Mas, reconhece que os “Caiuas” eram muitos: “Do lado das matas cheias de Caiuás,
ergueram com pedra canga uma trincheira de caçada grande, como para defesa. [...] (1961,
p.14). Portanto, os índios estavam aí e em número significativo. Essa informação, no
entanto, não ficou registrada nos livros de história regional e nas representações regionais
sobre esses povos.
Mais adiante e sempre continuando a registrar o processo de ocupação do território
indígena, o autor confirma que “foi possível a expansão, a tomada de posse definitiva de
toda a região e tornaram-se senhores, arredando o índio, ou com ele se cruzando e
domesticando-o” (1961, p. 15).
Em outra passagem constata que “os bugres dominavam livremente, comendo o
resto de gado escapo dos paraguaios. Os Terenos e Xavantes faziam excursões amistosas,
mas os Caiuás foram maus e traiçoeiros, o ciúme os levou a assaltos contínuos e só
contidos de medo da arma de fogo, não deram tréguas, usando mão baixa nas ferramentas e
roupa. [...]” (1961, p. 29).
Fazendo referência às incursões do Barão de Antonina, através do “hábil sertanejo,
Joaquim Francisco Lopez”, que acompanhado do cartógrafo inglês, John Henri Elliot,
registra que “traçaram mapas, agradaram os silvícolas, compraram e demarcaram posses
para o Barão” e, o que é mais importante, transladaram “os indesejáveis Caiuás para a
Colônia de S. Jerônimo, na Província de S. Paulo e hoje do Paraná”.

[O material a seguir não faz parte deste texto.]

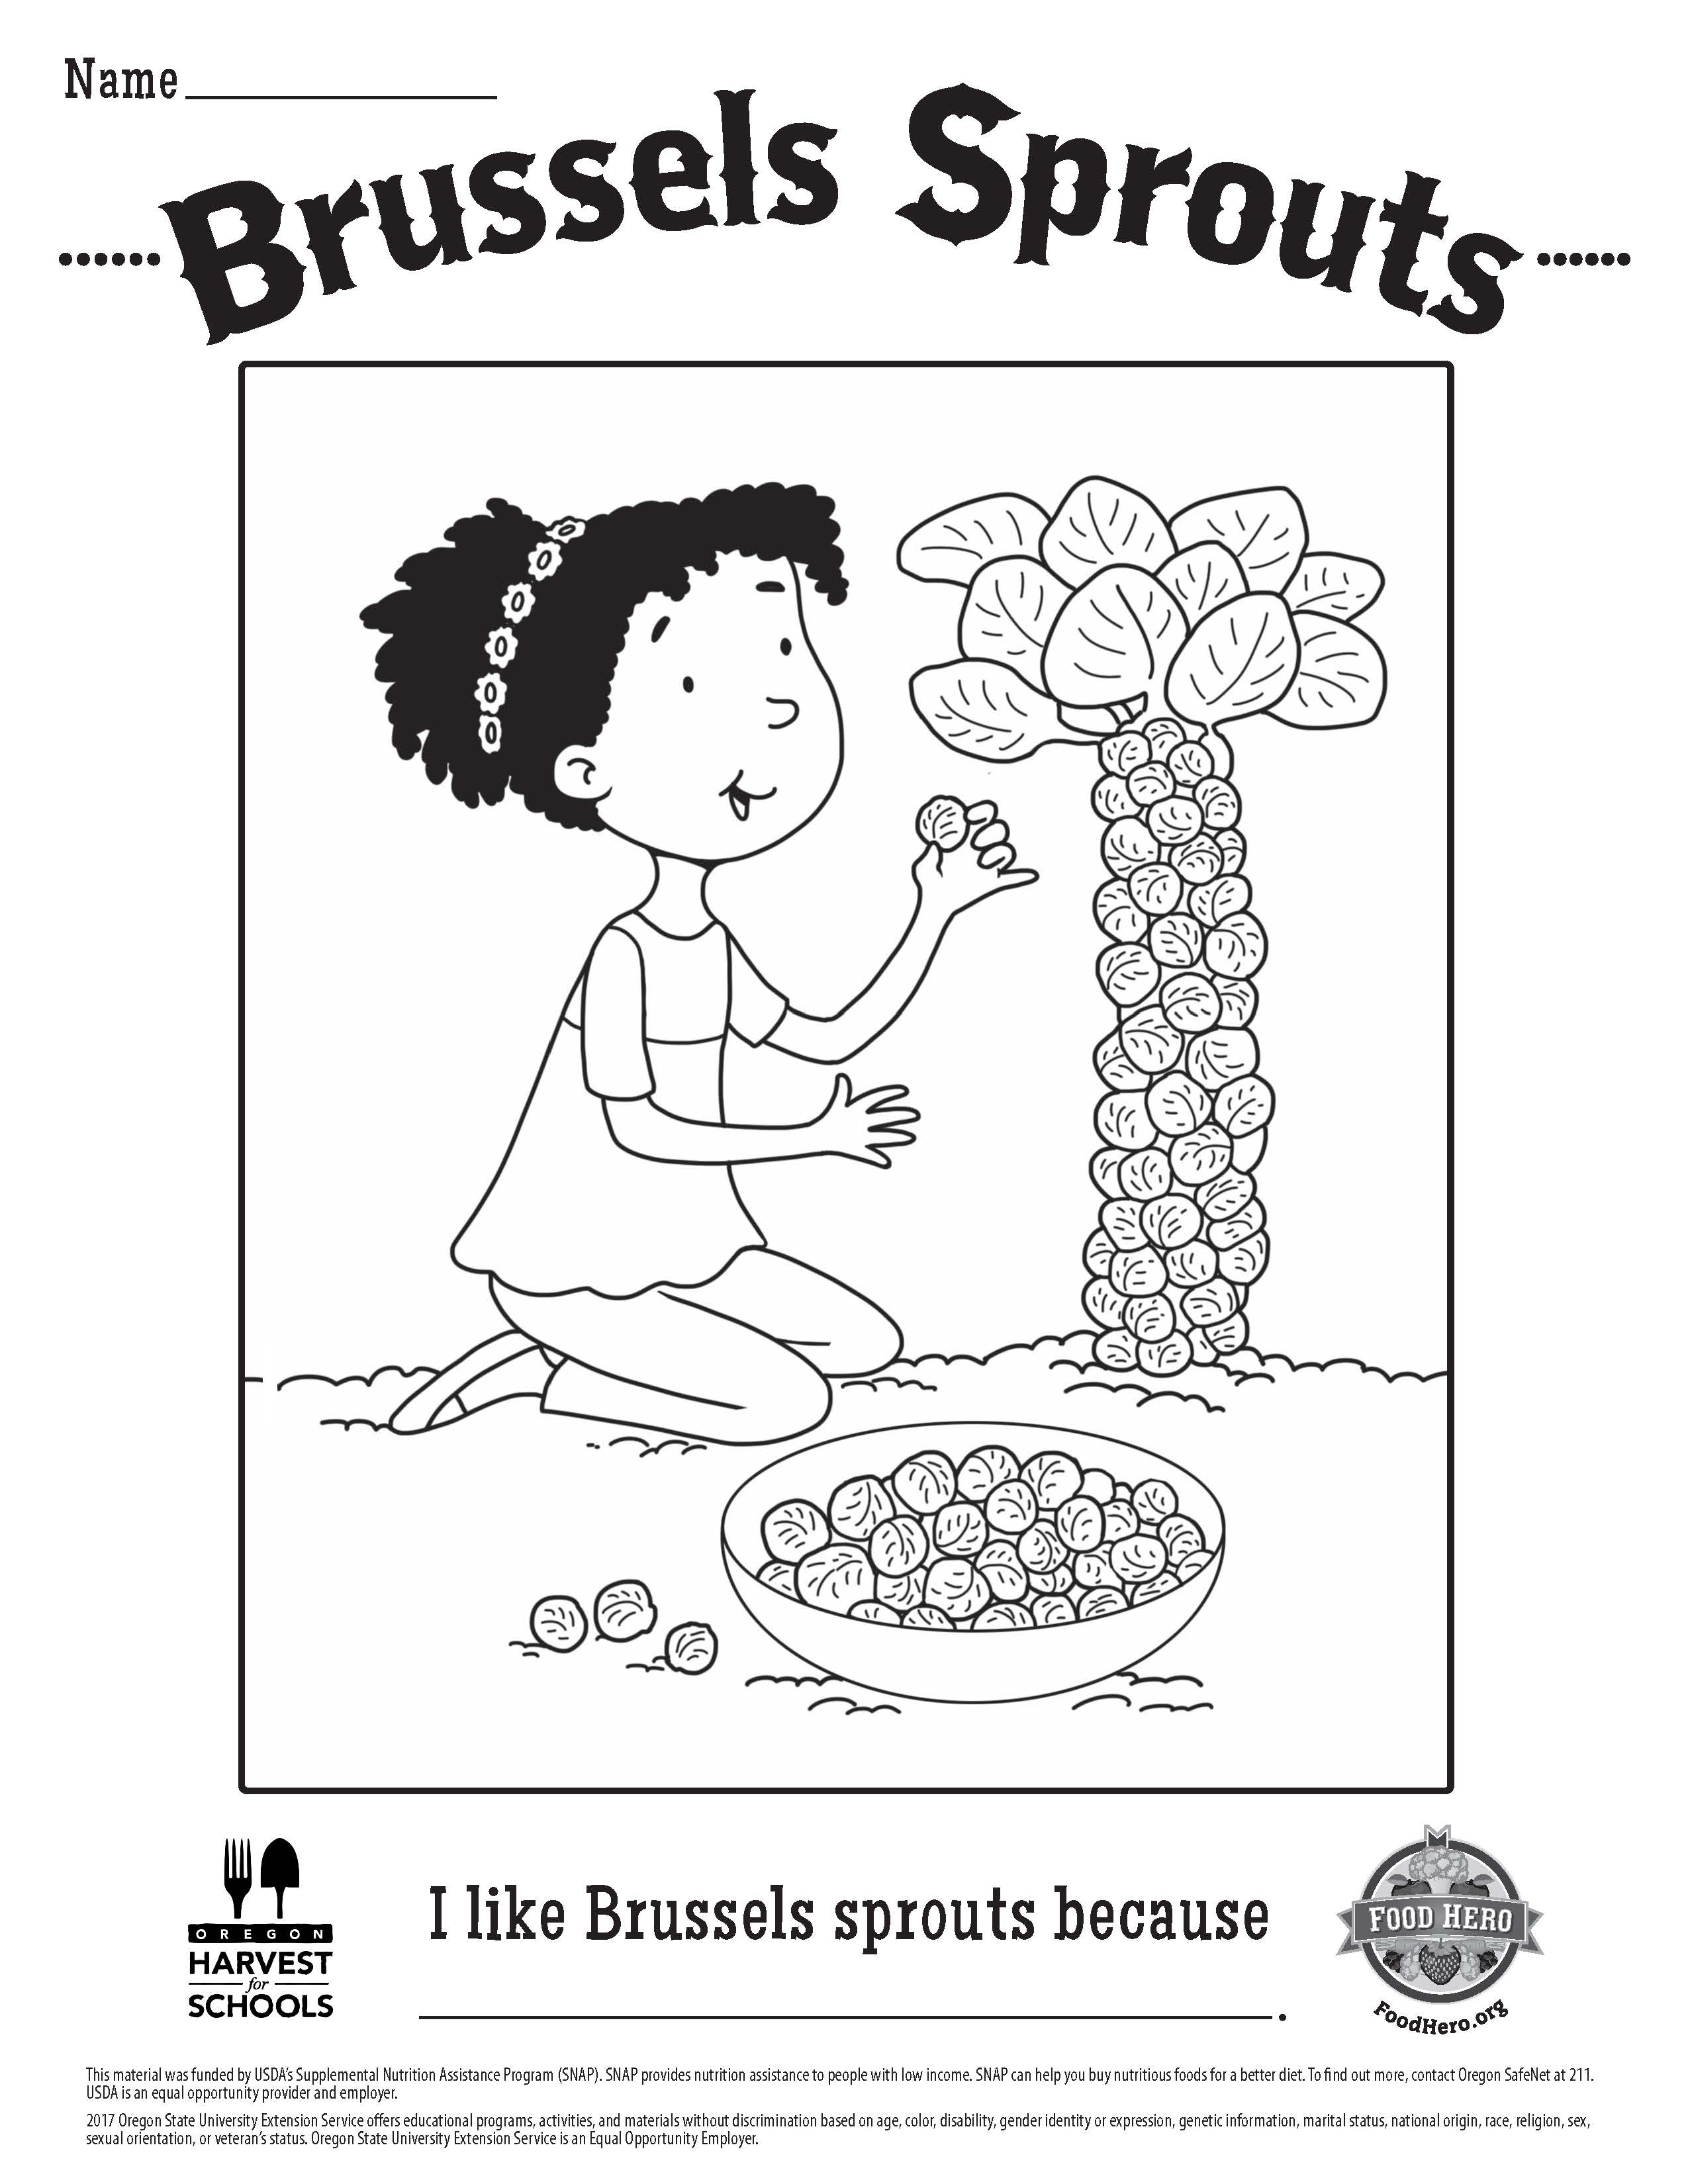 Food Hero Brussels Sprouts Coloring Sheet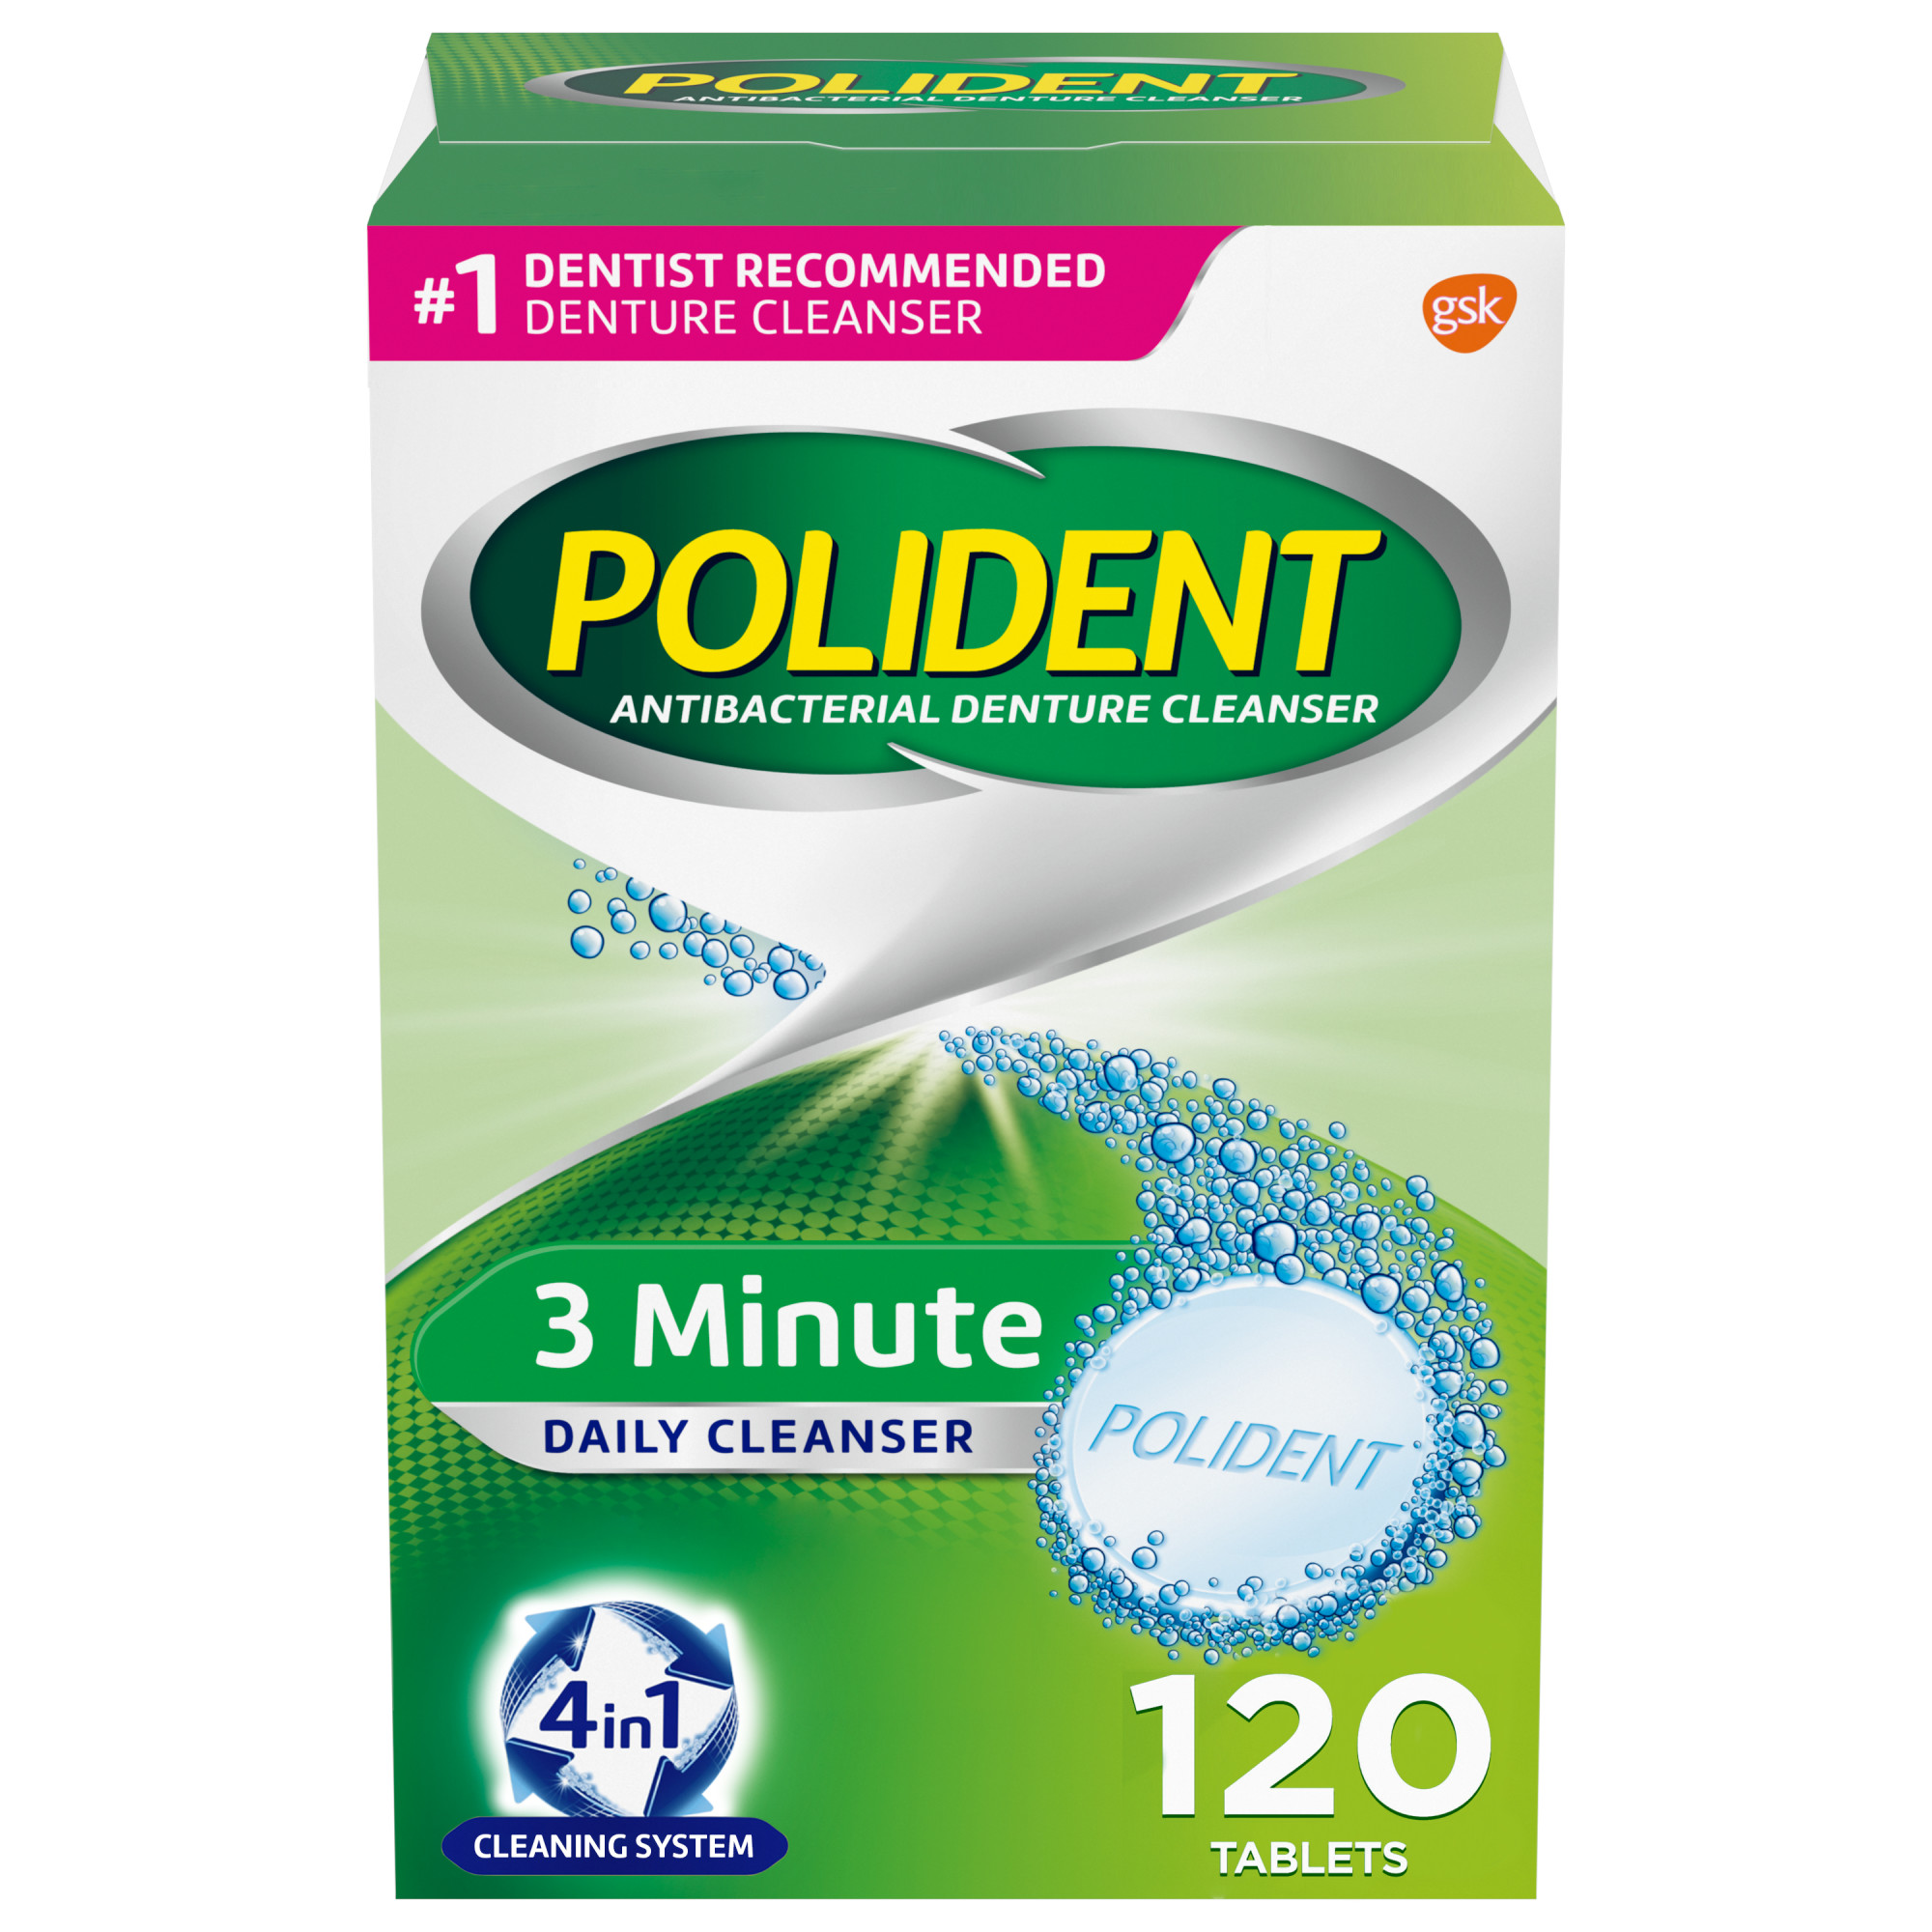 Polident 3 Minute Effervescent Antibacterial Denture Cleanser Tablets, 120 Count - image 1 of 12

Lendo os escritos desse autor (1961), percebe-se que os índios, especialmente, os
Kaiowá e Guarani, opuseram-se, fortemente, à entrega de seus territórios, suas casas e
plantações à gente estranha, vinda de regiões distantes. Foram, por isso, caracterizados
como ciumentos, ferozes, maus e traiçoeiros, que “sacrificaram” os coitados, invasores de
suas terras, obrigando-os ao uso das armas, para impor a paz à gente tão violenta e
traiçoeira.
Essa mesma visão vem registrada no livro “Maracaju e sua gente”, de Ferreira e
Rosa (1988, p.111), que após reconhecerem que “havia muitas aldeias indígenas espalhadas
desde as cabeceiras dos rios Sta Maria e Brilhante até as margens do Rio Paraná”,
informam que “os índios constituíam ameaça permanente para os fazendeiros que, por
diversas vezes, tiveram que empregar muita astúcia, e até mesmo o uso de armas de fogo,
para rechaçar os seus ataques traiçoeiros e perigosos”. E concluem os mesmos autores que
“depois de muita luta e até combates sanguinolentos, teve lugar uma aproximação pacífica
dos grupos em litígio”.
A mesma solução violenta vem indicada em Barbosa (1961, p. 18), ao reconhecer
que a belicosidade indígena só foi contida com o reforço de gente e pólvora, sendo fácil
domá-los, trazendo ao redil. E conclui que “domesticados e fortes como eram foram de
proveito nas roçadas. [...]”. E, novamente, os índios são invisibilizados ou se invisibilizam,
como veremos abaixo.
É, certamente, importante perceber que em nenhum momento os colonizadores e os
seus historiadores admitem aos índios o direito de defenderem suas terras, suas casas e suas
famílias, direito absolutamente inquestionável em se tratando deles mesmos, os colonos.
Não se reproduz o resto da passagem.